В пятнадцать его открыл для себя медвуз, когда первые из его множества недугов собрали силы для атаки. В восемнадцать из-за заражения крови лимфоузлы раздулись до размера стеклянных шариков. Вернулась корь наряду с другими болезнями, почуявшими поживу в виде обреченного на смерть обормота и заскочившими в его тело на огонек: скарлатина, болезнь крови, обостренная вирусная инфекция, эмболия легких. В двадцать недолго пробовала свои силы волчанка, но сдалась. В двадцать девять его брыкнул мул, повредив ему правую глазницу, после чего Пиджак тыкался в стены еще несколько месяцев. В тридцать один поперечная пила отхватила ему левый большой палец. Восторженные студенты-медики посадили палец обратно семьюдесятью четырьмя швами и вскладчину купили Пиджаку в подарок подержанную бензопилу, которой он благополучно отхватил себе большой палец на правой ноге. Этот приживили тридцатью семью швами, в результате чего два студента прошли конкурс на интернатуру в больницах на Северо-Востоке и оттуда прислали ему столько денег, что хватило на второго мула и охотничий нож, которым он случайно перерезал себе аорту, пока свежевал кролика. В этот раз он свалился без сознания и чуть не умер, но был срочно доставлен в больницу, где три минуты пролежал в операционной мертвым и ожил, когда хирург-интерн воткнул ему щуп в большой палец на ноге, отчего Пиджак подскочил, матерясь на чем свет стоит. В пятьдесят один год сделала последнюю попытку корь и тоже сдалась.

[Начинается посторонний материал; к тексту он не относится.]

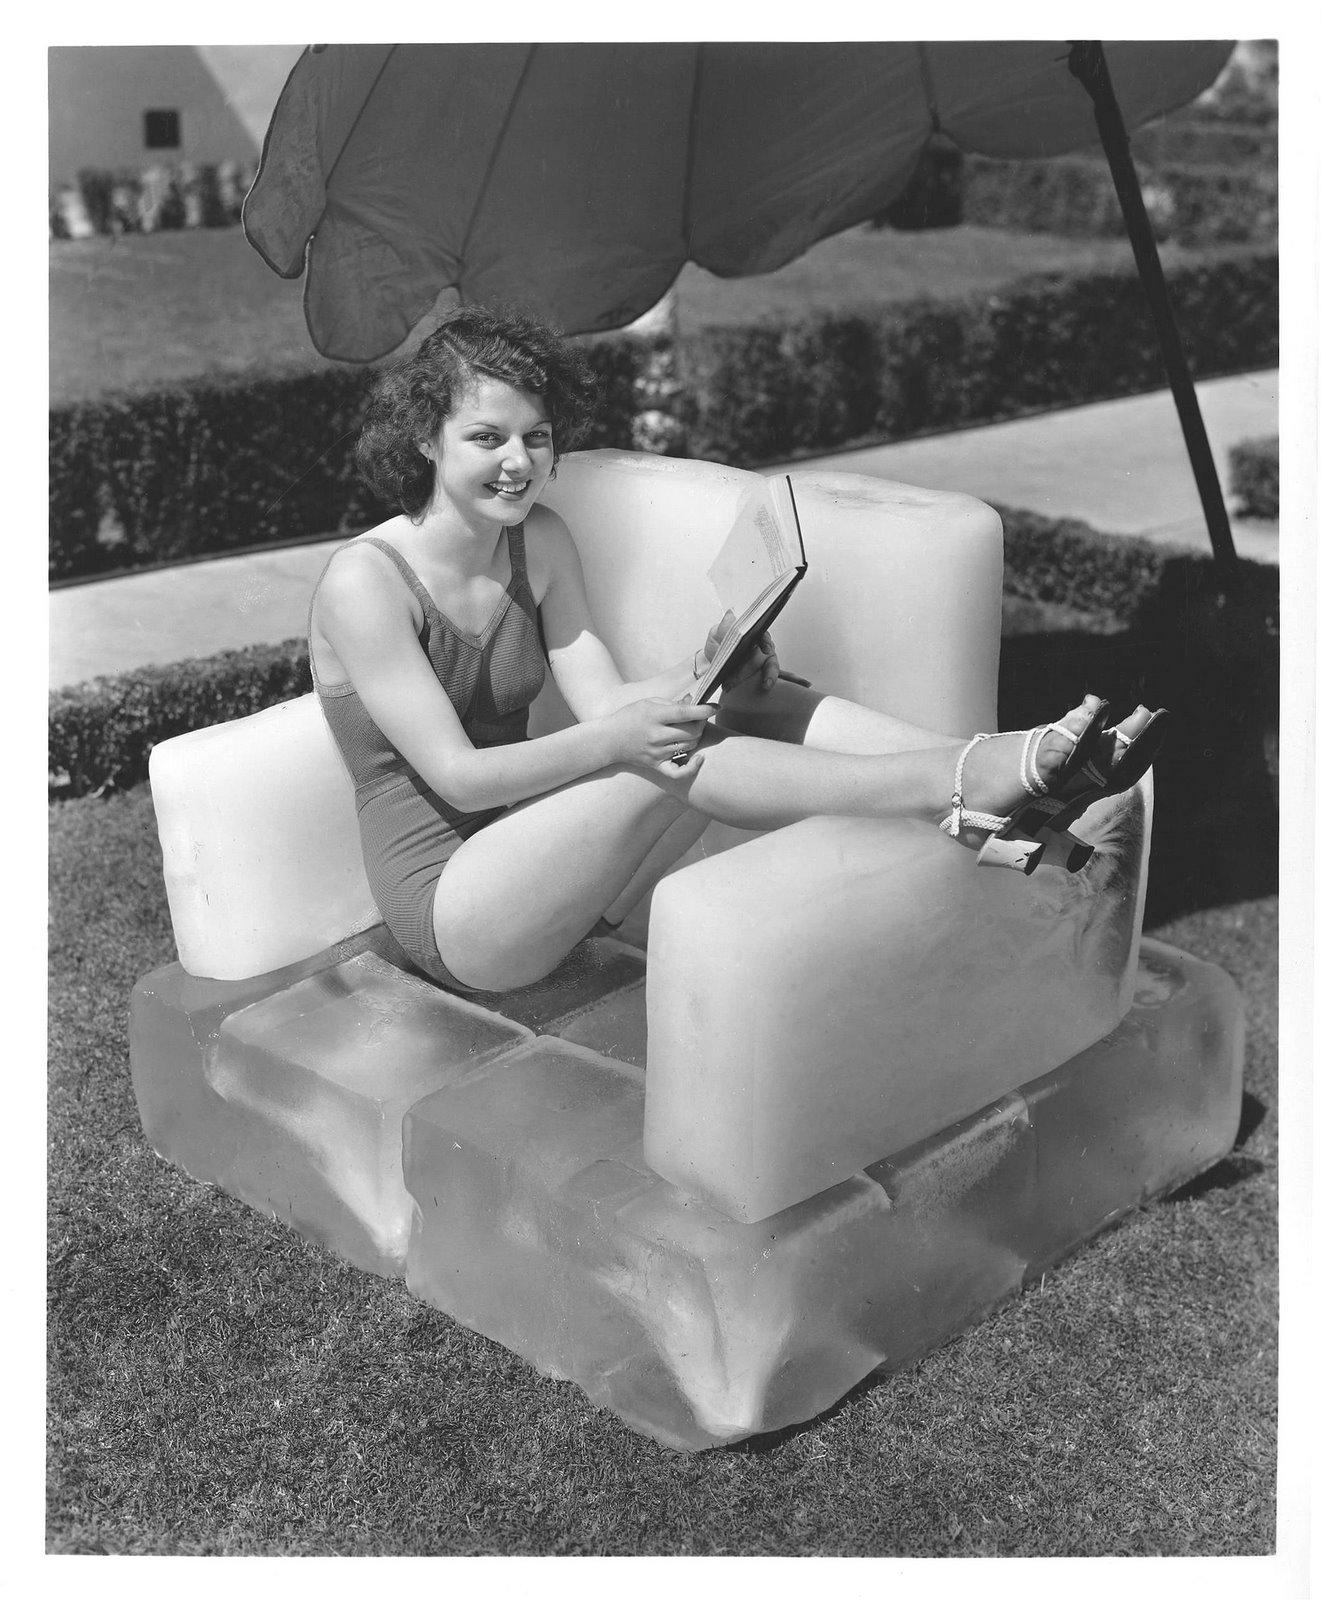 Poppy Drayton (born 1991) images

Жители Коза не знали, что на деле Каффи Джасперу Ламбкину — так в действительности звали Пиджака — смерть предсказывали задолго до его переезда в Коз-Хаусес. Когда семьдесят один год назад он издал свой первый крик в Поссум-Пойнте, штат Южная Каролина, повитуха в ужасе наблюдала, как в открытое окно влетела птица и пропорхала над головкой младенца, а потом снова вылетела: дурной знак. Повитуха объявила: «Вырастет идиотом», — передала ребенка матери и скрылась — перебралась в Вашингтон, где вышла замуж за сантехника и больше никогда не принимала роды.
Казалось, неудачи ходят за ребенком по пятам. Малыш Каффи пережил колики, брюшной тиф, корь, свинку и скарлатину. В два года он уже переглотал все: игровые шарики, камешки, грязь, ложки, а раз засунул в ухо половник, который пришлось извлекать врачу в больнице при Колумбийском университете. В три года, когда ребенка пришел благословить местный молодой пастор, ребенок срыгнул на его чистую белую рубашку чем-то зеленым. Тот объявил: «Он накоротке с дьяволом», — и уехал в Чикаго, где оставил церковь, начал петь блюз под псевдонимом Тампа Ред и записал мощнейший хит «Накоротке с дьяволом», после чего умер в нищете и безвестности и скрылся во тьме истории, всемирно увековеченный в музыковедении и университетских курсах по рок-н-роллу, боготворимый белыми авторами и музыкальными интеллектуалами за классический блюзовый хит, заложивший основу сорокамиллионнодолларовой империи «Госпел Стэм Мюзик Паблишинг», от которой ни он, ни Пиджак не дождались ни гроша.